PROBLEM TO WORK ON:
Write out the full listing exactly as given, minus the images.

INFORMATION PROVIDED:
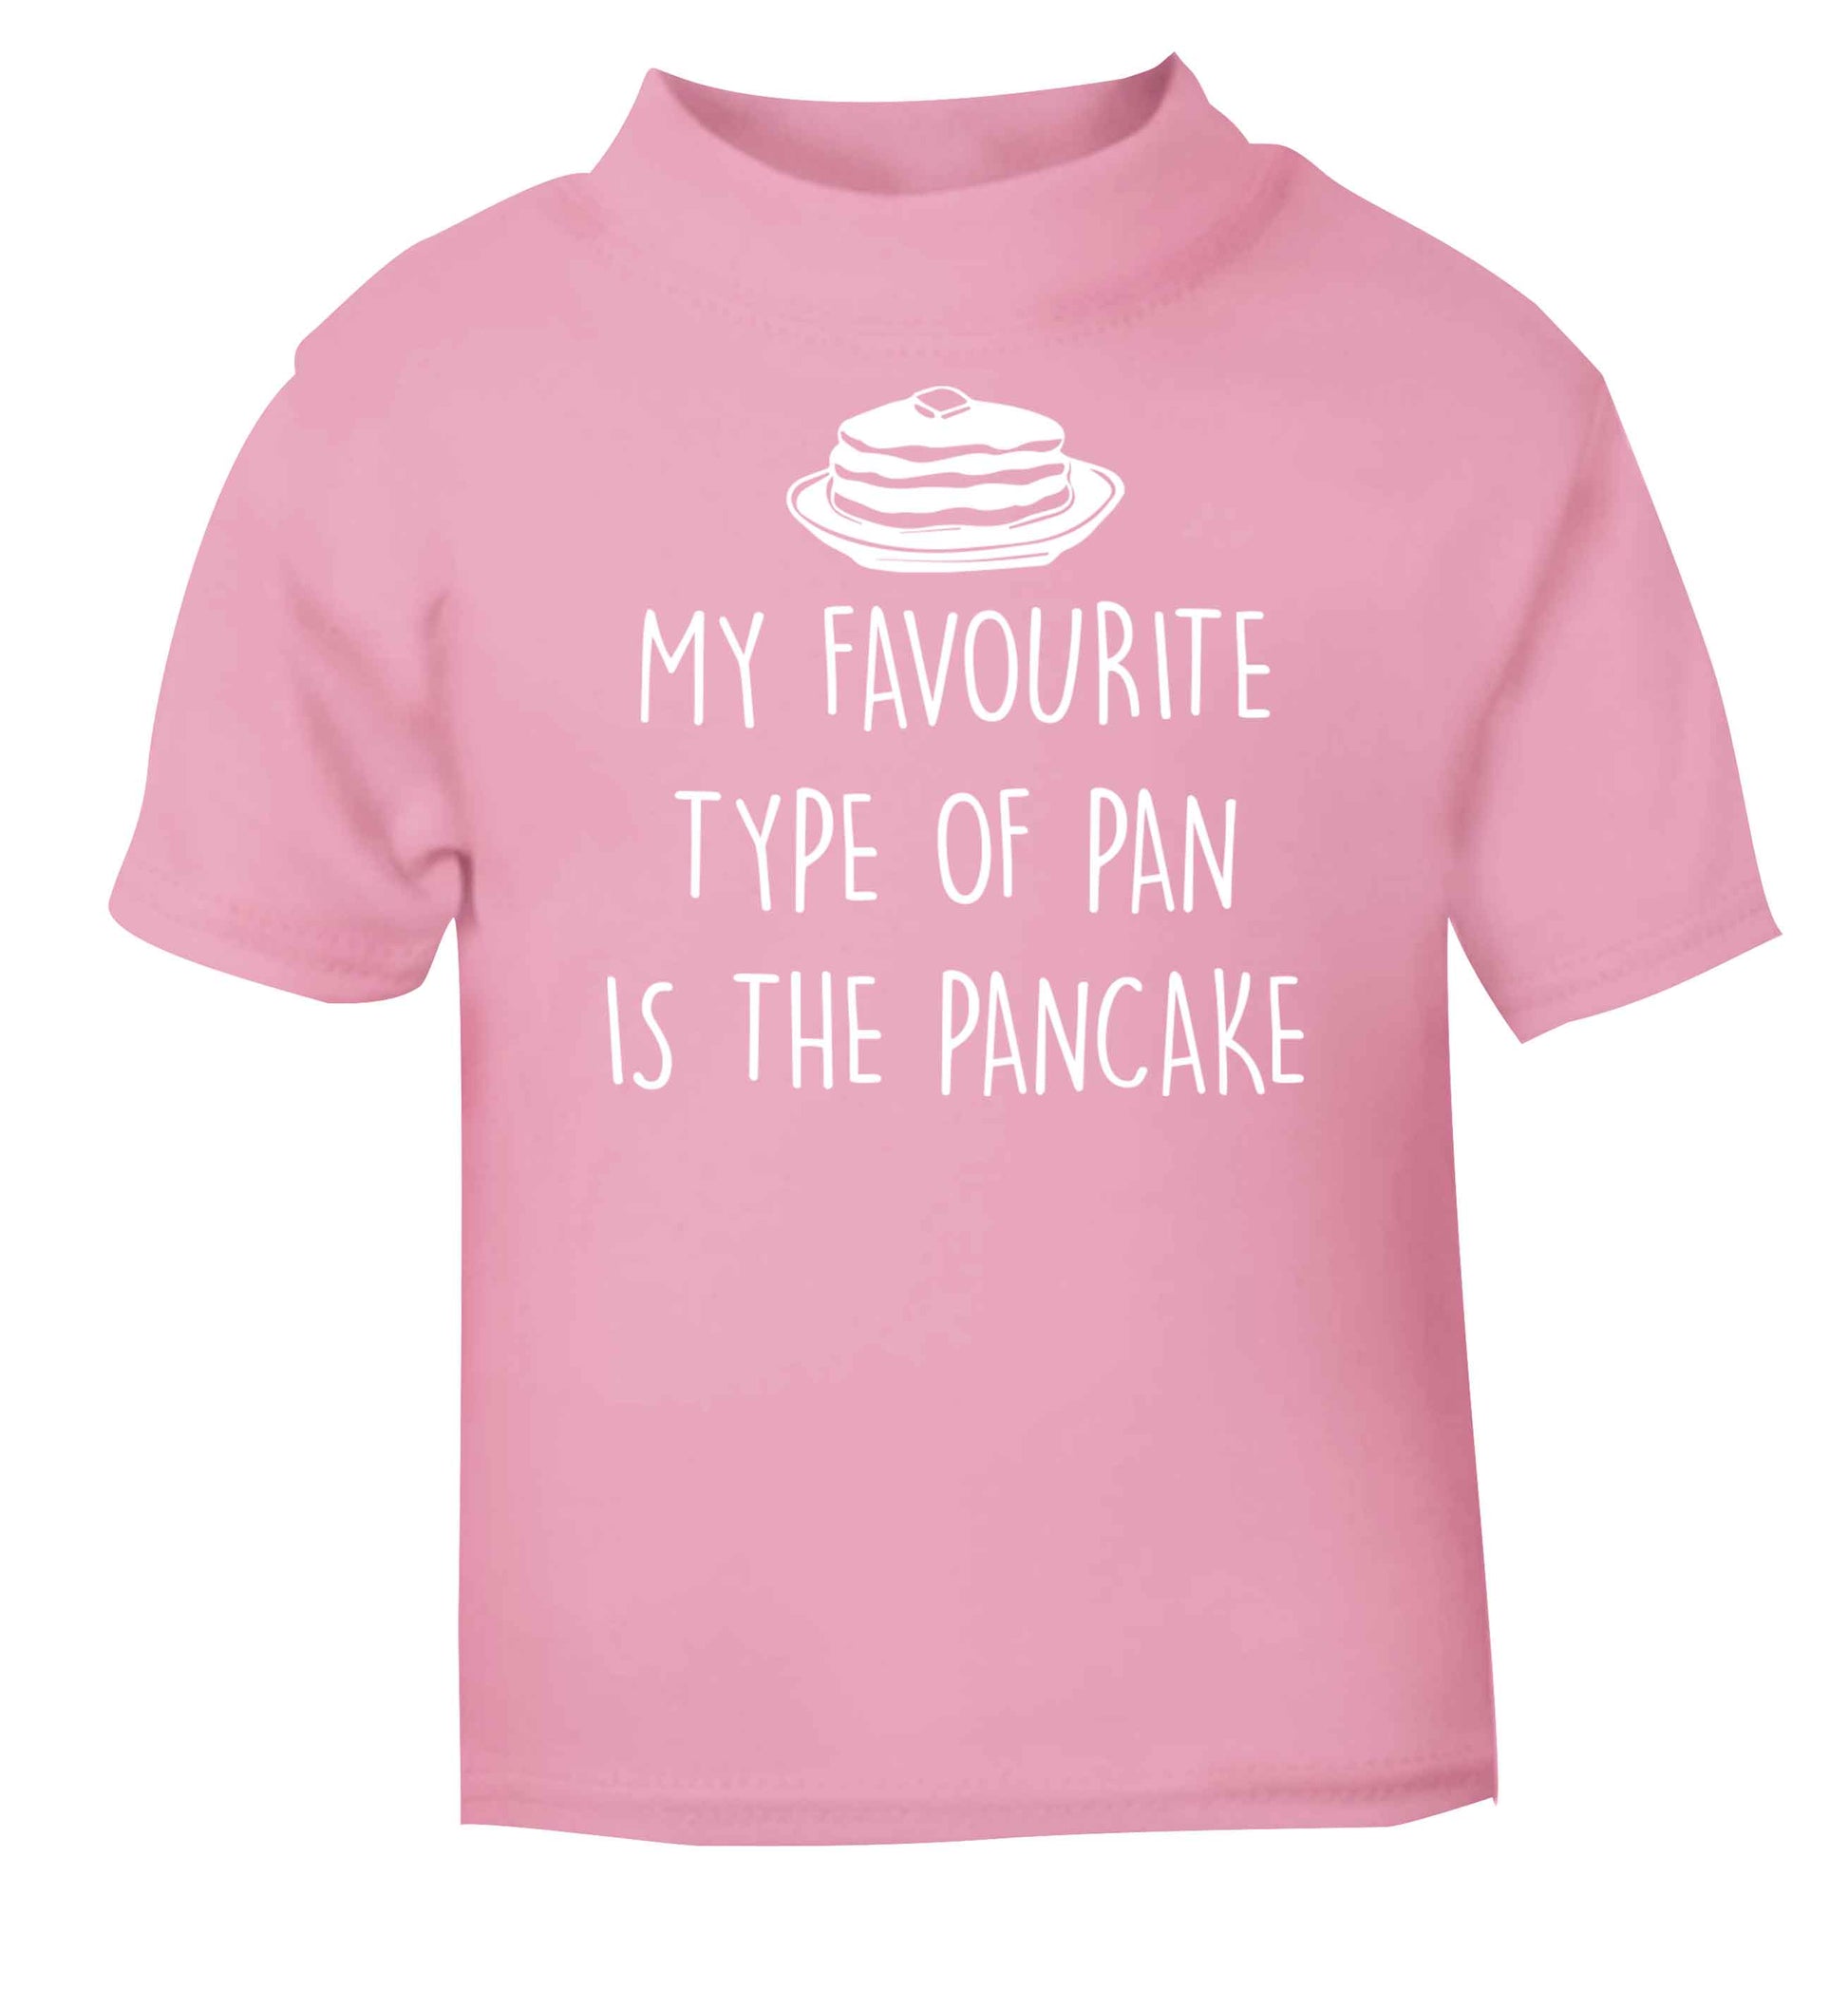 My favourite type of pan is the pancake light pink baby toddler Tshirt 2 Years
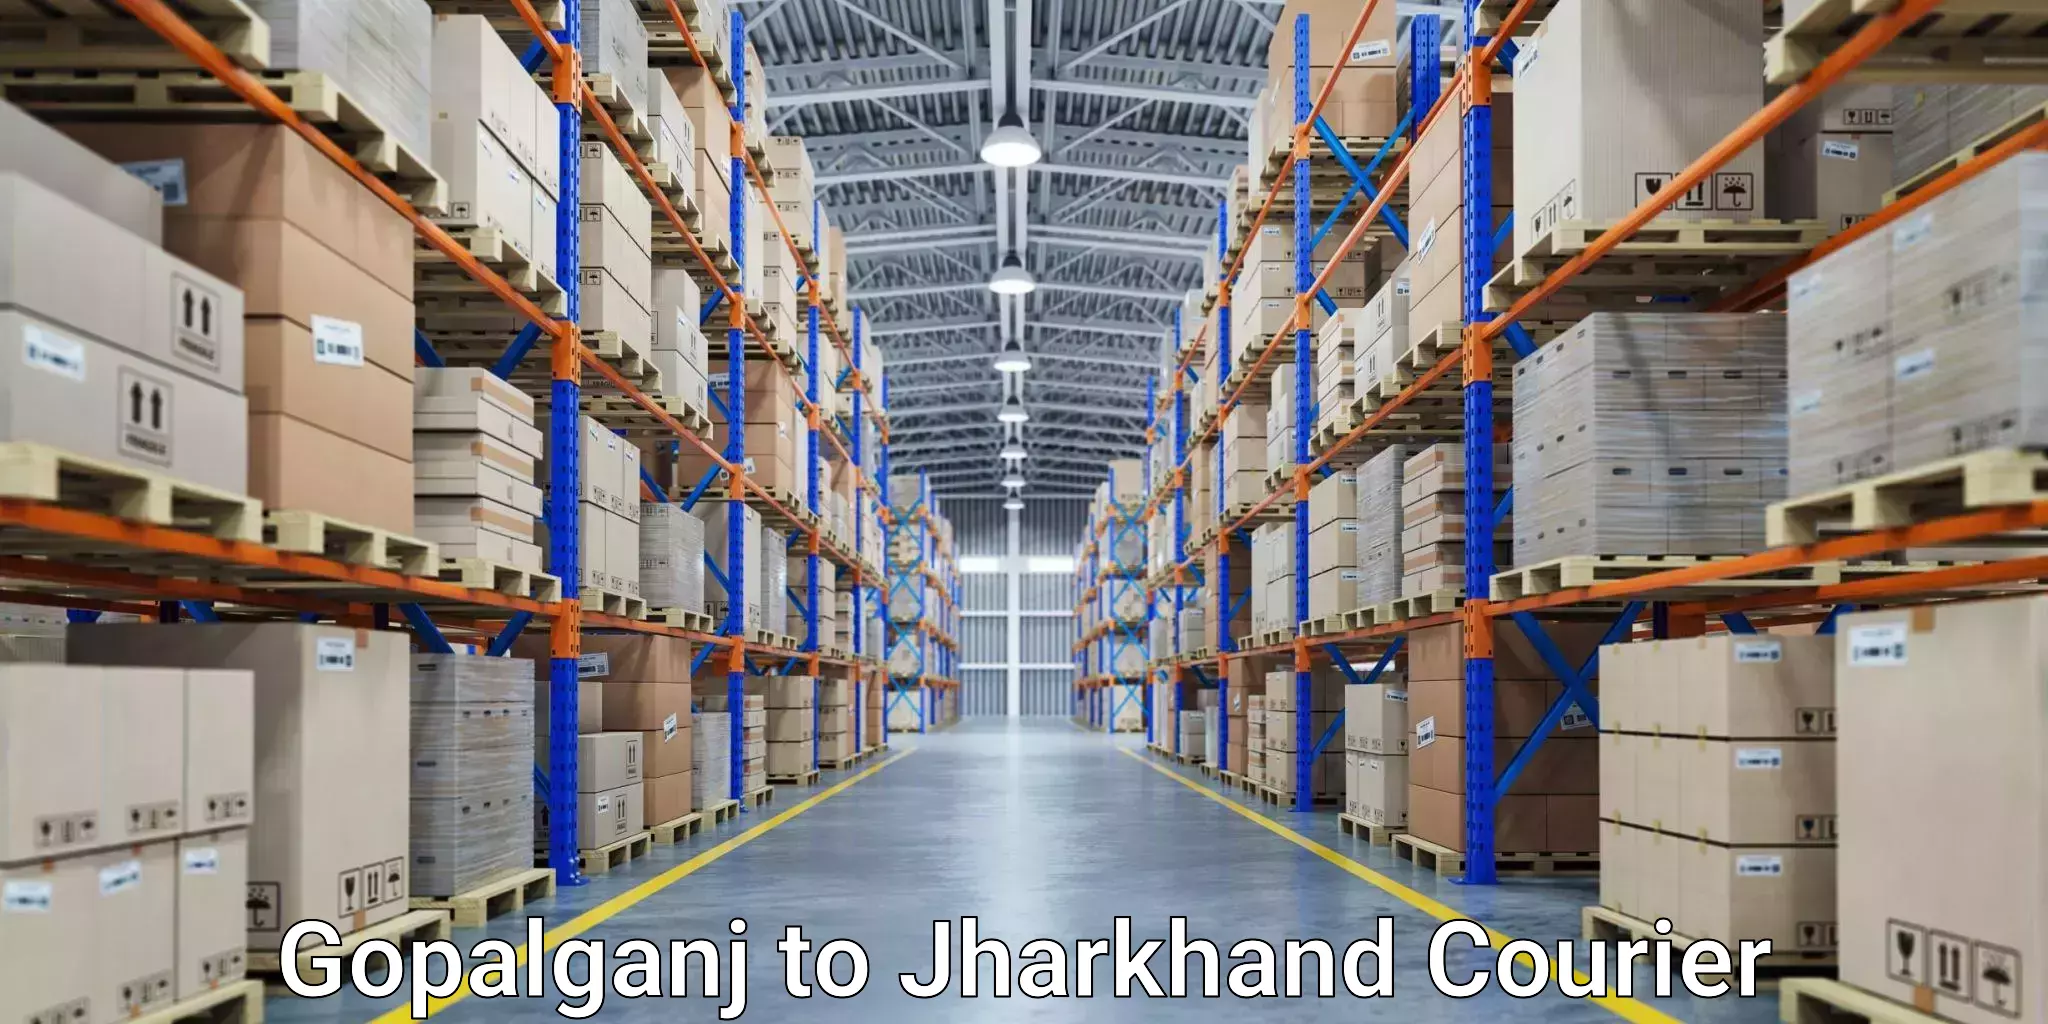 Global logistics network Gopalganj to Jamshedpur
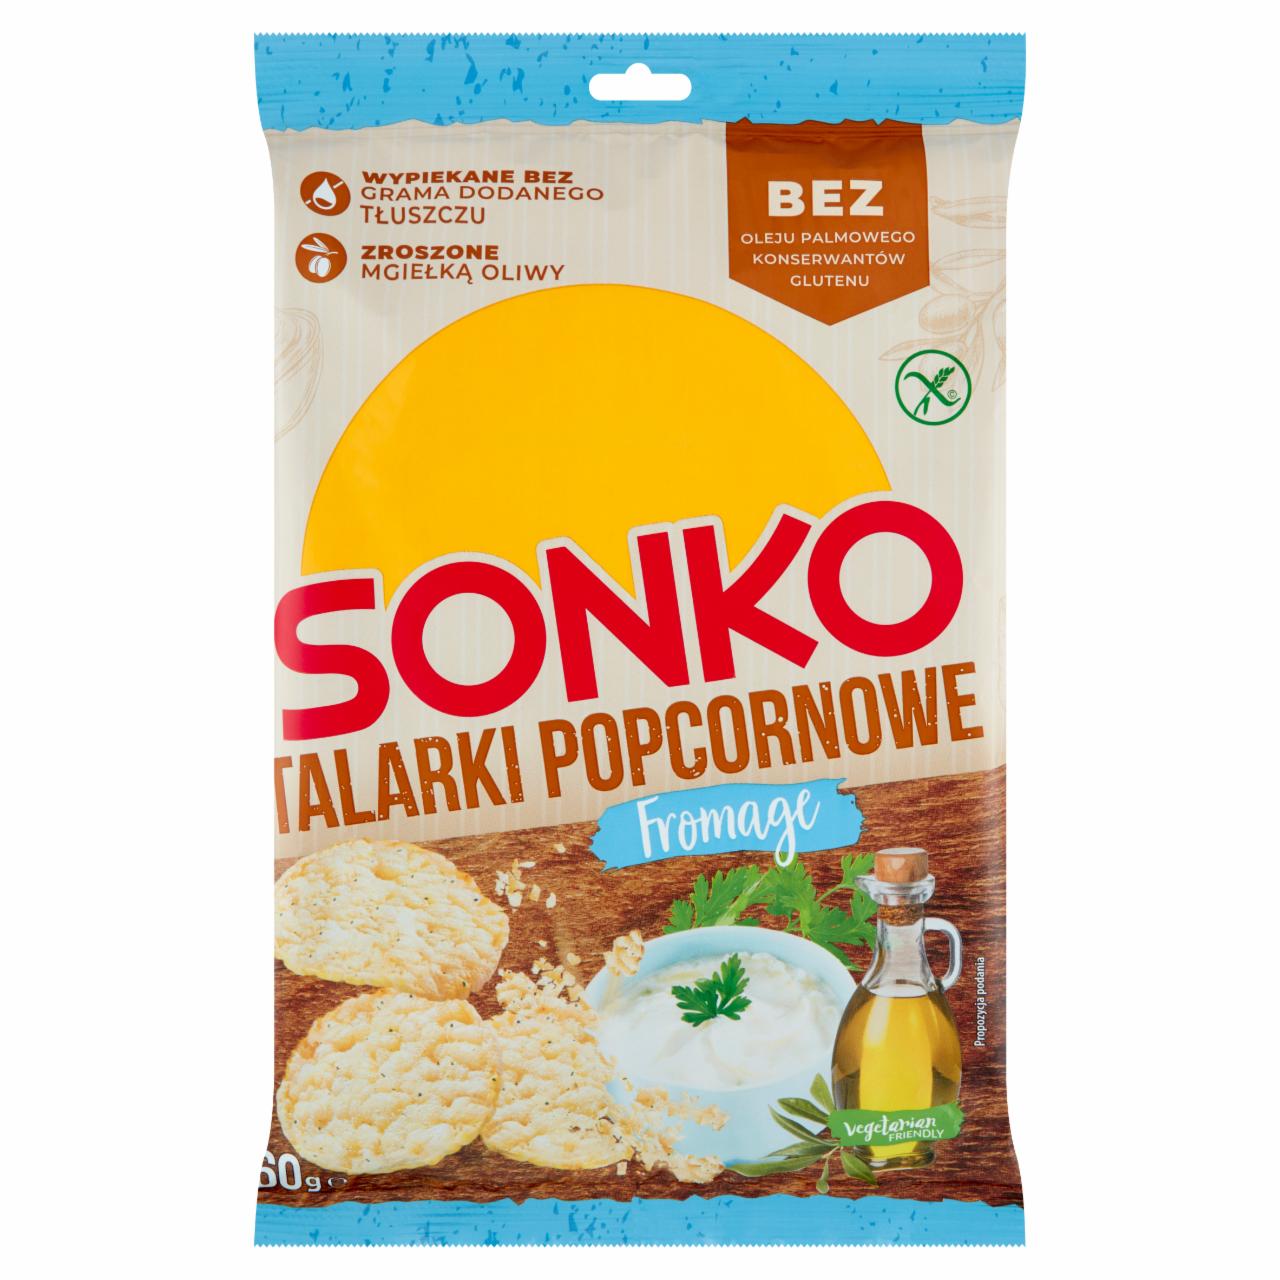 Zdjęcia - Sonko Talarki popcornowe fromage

PROBLEM SOLUTION:
 My favourite type of pan is the pancake light pink baby toddler Tshirt 2 Years
 Global logistics network Gopalganj to Jamshedpur
 Zdjęcia - Sonko Talarki popcornowe fromage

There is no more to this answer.